MY AMERICAN SCIENTIST
SEARCH

HOME > PAST ISSUE > May-June 2009 > Article Detail

COMPUTING SCIENCE

# Writing Math on the Web

The Web would make a dandy blackboard if only we could scribble an equation

# Marking It Up

From the outset, the primary language of the Web has been HTML (Hypertext Markup Language), in which “tags” identify various parts of a document’s structure, such as headings, paragraphs and lists. In its earliest versions, HTML was quite simple; it couldn’t even do subscripts and superscripts, so there wasn’t much hope of displaying elaborate mathematical notation.

Several revisions later, HTML does have subscript and superscript tags. And a supplementary language called CSS (Cascading Style Sheets) allows finer control over many aspects of the appearance of a Web page. Modern browsers are also equipped with an interpreter for JavaScript, a programming language, so that Web pages become not just static documents but interactive programs. Still, none of these features directly address the needs of scientific and mathematical writing. There are no HTML tags for integrals, say, or for matrices.

Two main impediments stand in the way of presenting mathematics on the Web. First is the alphabet problem: Mathematicians have created a sprawling zoo of novel symbols and embellished or transformed versions of familiar characters. The nabla (∇) that appears in Maxwell’s equations is a notable example, and it is joined by hundreds of other unusual glyphs—∂, ∀, ⊥, ∫—not to mention the entire Greek alphabet and occasional borrowings from Hebrew and other languages. The difficulty of reproducing these characters has been alleviated to some extent by the recent adoption of Unicode fonts, which have room for a larger collection of glyphs than earlier font formats. But it’s still not to be taken for granted that every reader will have the necessary fonts installed.
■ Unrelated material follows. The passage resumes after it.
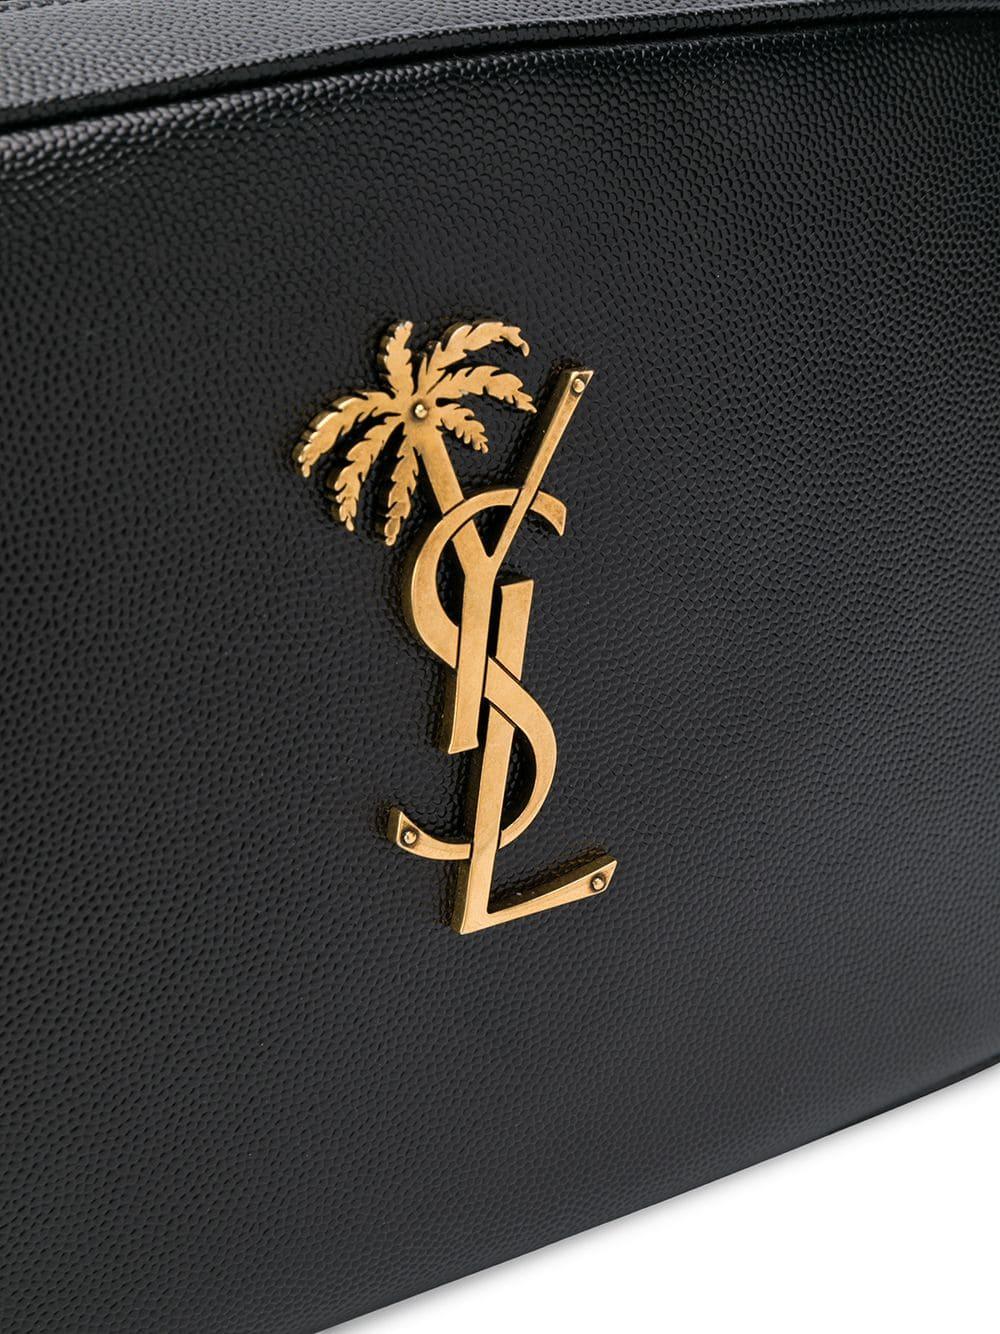 Saint Laurent Palm Tree Logo Bag in Black

The second problem is one of layout. Mathematical notation is two-dimensional; in order to represent a matrix, say, or a summation with upper and lower bounds, it’s necessary to specify the exact x and y coordinates of symbols. Some elements of mathematical notation, such as brackets and the radical that designates a square root, vary in shape and size as well as position. Encoding such geometric information in HTML and CSS is not impossible, but it stretches the technology to its limit.

Early in the history of the Web, a group of mathematicians and other interested parties gathered to address this issue in a systematic way. The result was a new markup language called MathML, which was endorsed in 1998 by the World Wide Web Consortium. I’ll return below to the present status and future prospects of MathML, but it will suffice for now to note that most of the mathematical notation to be found on the Web is not encoded in MathML. Instead it relies on a variety of ingenious but ad hoc workarounds. Most often there is a TeX system somewhere in the background.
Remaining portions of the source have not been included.